1888: A Teammate for the Harvest
On September 5, 1888, professional baseball outfielder Billy Sunday, 26—already changed by his conversion at Chicago’s Pacific Garden Mission—married Helen Thompson, 20. Their union became a picture of Christian partnership: while Billy’s preaching later drew massive crowds, Helen—affectionately called “Ma Sunday”—quietly strengthened the work with clear counsel, practical leadership, and steady faith. She helped shape campaigns, organize details, and encourage integrity under pressure, proving that gospel fruit often grows through unseen service. Billy died in 1935; Helen carried the legacy forward for 22 more years.

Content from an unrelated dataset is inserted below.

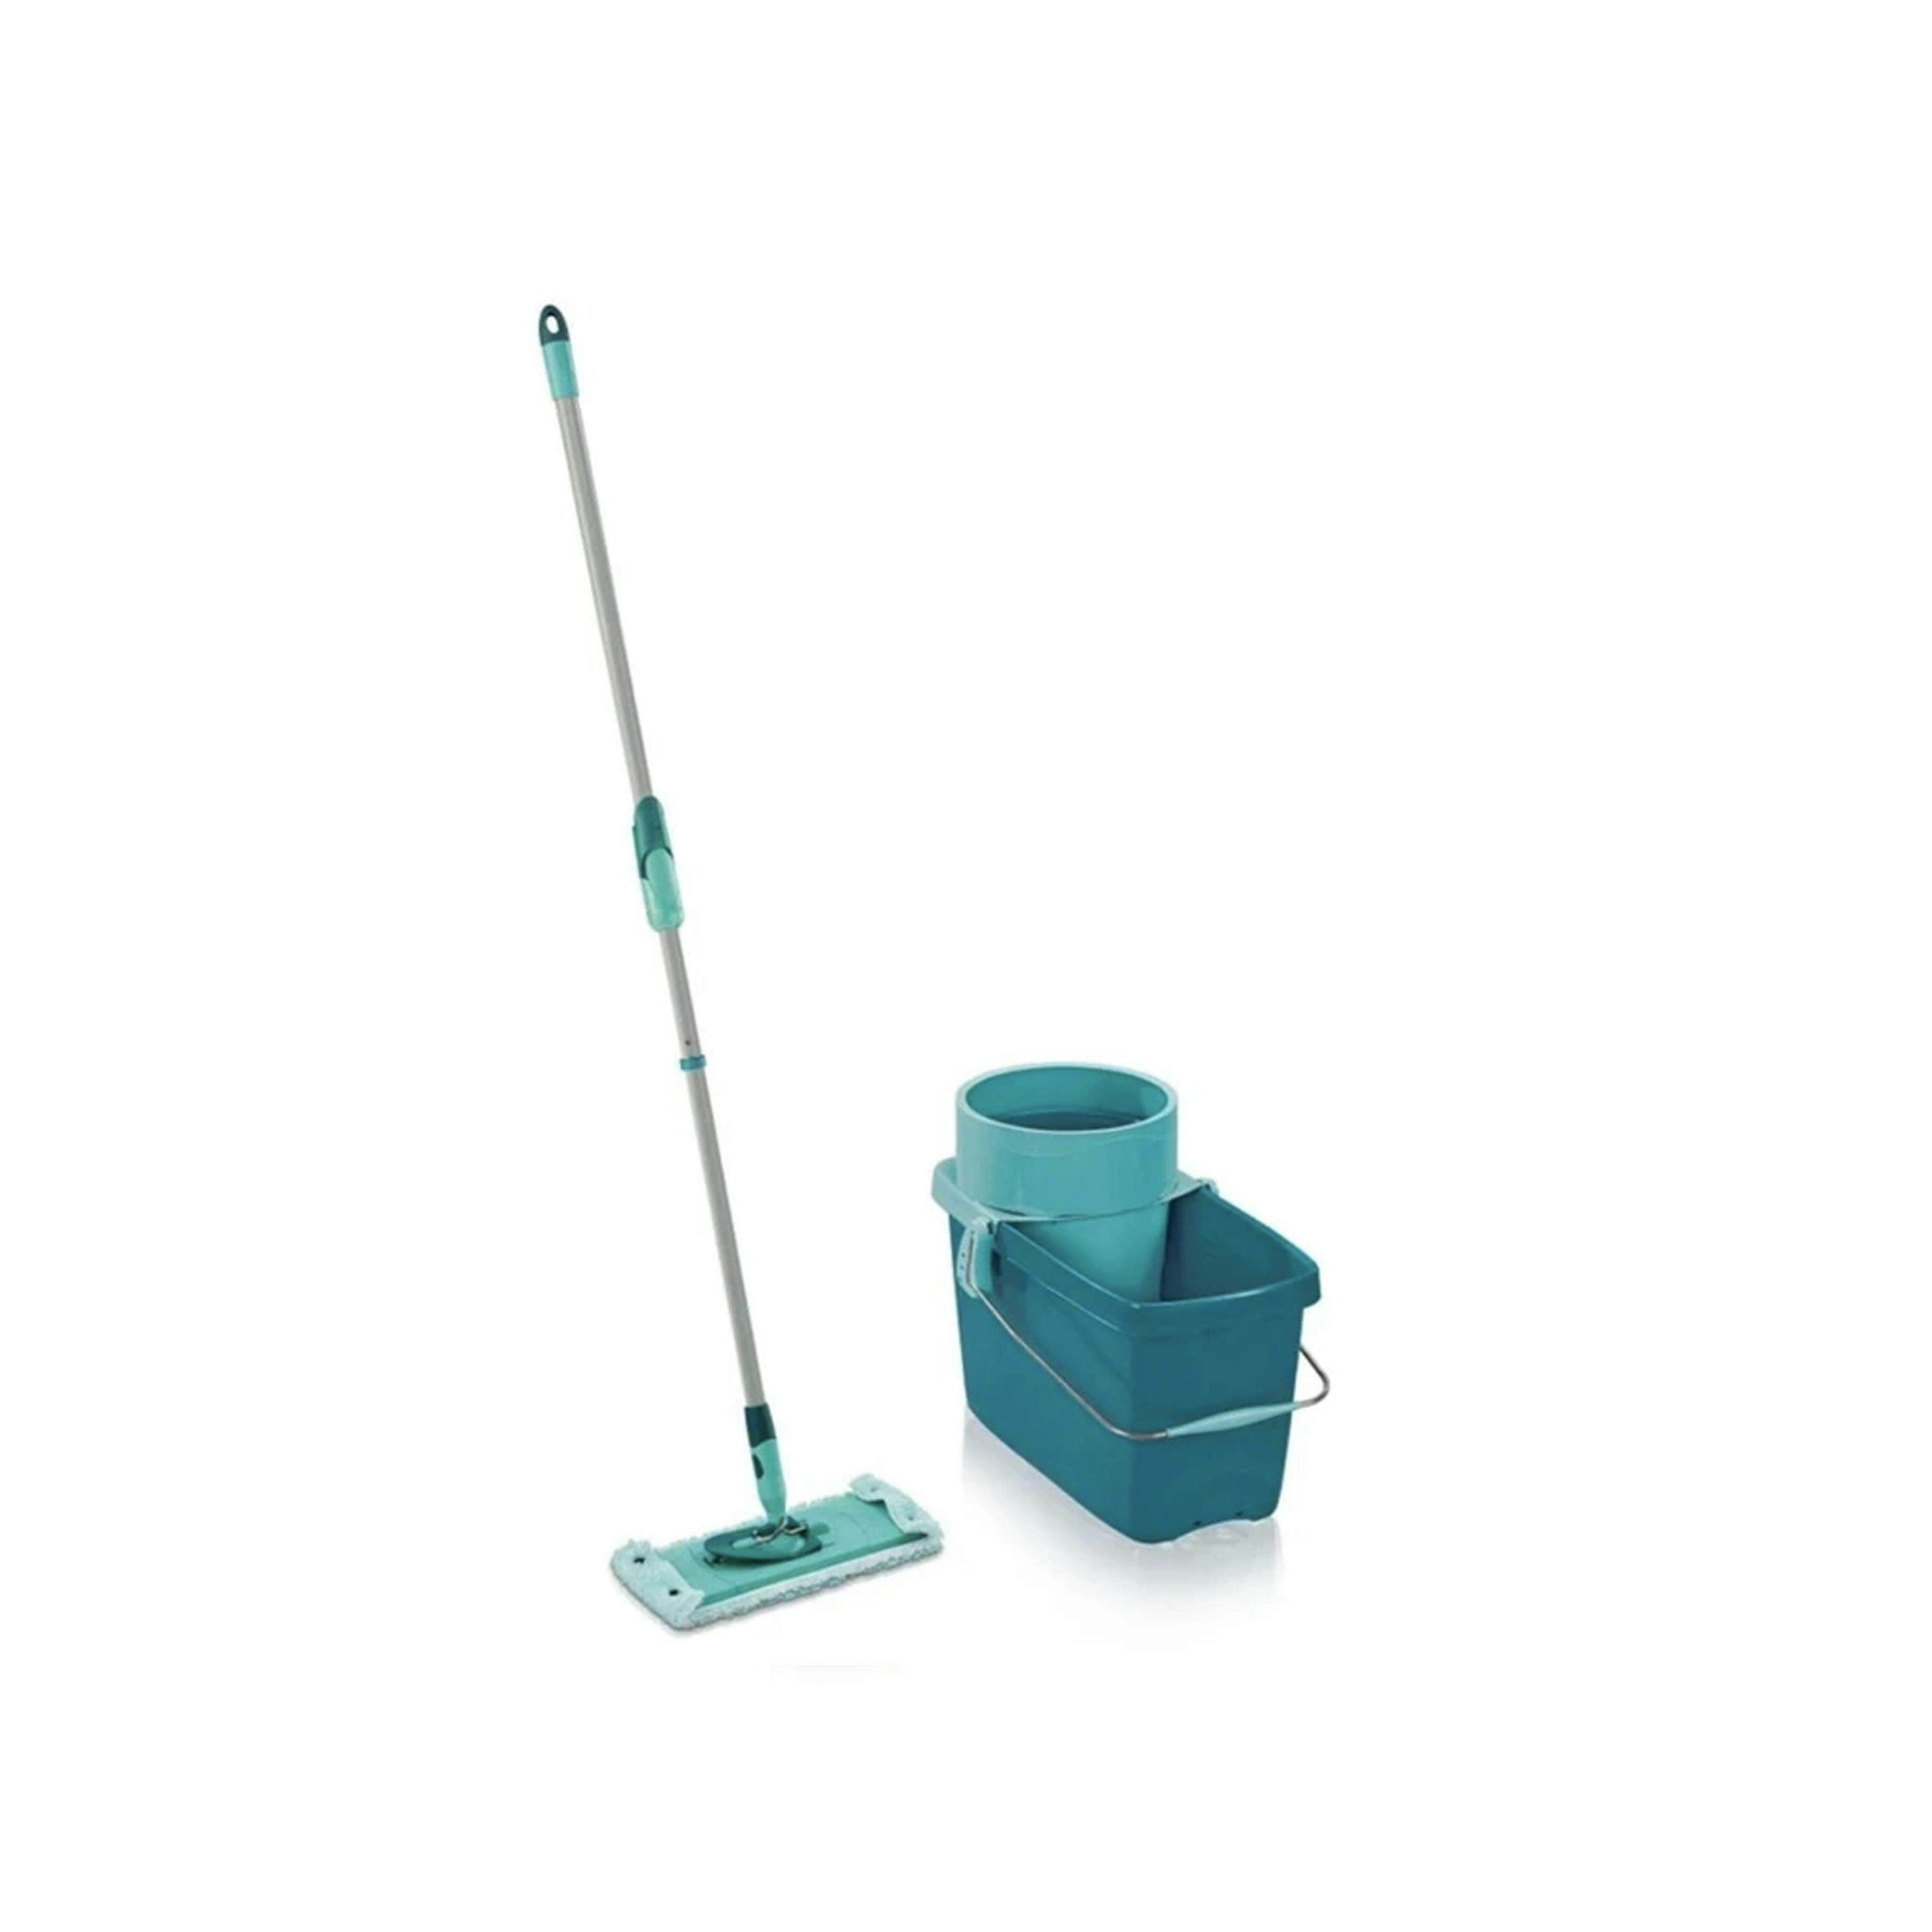 Leifheit - 52019 / Clean Twist - Mop Plastique Bleu Turquoise

1950: Training Workers for the Harvest
On September 5, 1950, Baptist Bible College opened in Springfield, Missouri, under the auspices of the Baptist Bible Fellowship, to anchor ministry preparation in the authority of Scripture. In a postwar season, pastors and laymen stepped out in faith—sacrificing funds, time, and comfort—so preachers, missionaries, and servants could be equipped for the Lord’s work. From modest beginnings, the school grew steadily, and with an enrollment now exceeding 2,000 it stands among America’s largest Bible colleges, sending graduates into churches and mission fields across the world for the sake of Christ’s name and reminding us that faithful training multiplies gospel impact.
1958: A Hymnwriter’s Call to Remember the Cross
Jennie Evelyn Hussey died in Concord, New Hampshire, leaving the church a lasting gift in her hymn “Lead Me to Calvary,” set to music by William J. Kirkpatrick. In simple, pleading lines—“Lest I forget Gethsemane… lest I forget Thy love for me”—she urged believers to keep Christ’s suffering and saving work central, not as a passing thought but as the shaping memory of daily life. Her quiet faithfulness reminds us that true spiritual courage is often shown by turning hearts away from self and back to the cross, where gratitude, repentance, and hope are renewed.
1997: Mother Teresa’s Homegoing
On September 5, 1997, Mother Teresa entered her rest in Calcutta at age 87, closing a life spent near Christ’s “least of these.” Having founded the Missionaries of Charity in 1950, she and her sisters welcomed the dying from the streets, cared for the abandoned and disabled, and bore witness that every human life carries God-given dignity. After years of failing health, she died surrounded by prayer, leaving a work that had spread worldwide. Her steady, often hidden labor reminds weary believers that love is proved in costly service, and that mercy offered to Christ is never lost.
2007: Faithful Unto Death in Eritrea
On September 5, 2007, Migsti Haile, an Eritrean believer, died at age thirty-three after severe torture for refusing to sign a letter renouncing Christ. Detained without a fair hearing, she was pressured to save herself by denying her faith, yet she chose loyalty to Jesus over comfort and life itself. Her martyrdom exposes the cost many pay for simple obedience and reminds the church that the gospel is worth everything. Migsti’s steadfastness calls us to pray for the persecuted, to stand firm under pressure, and to trust the Lord who keeps His people to the end.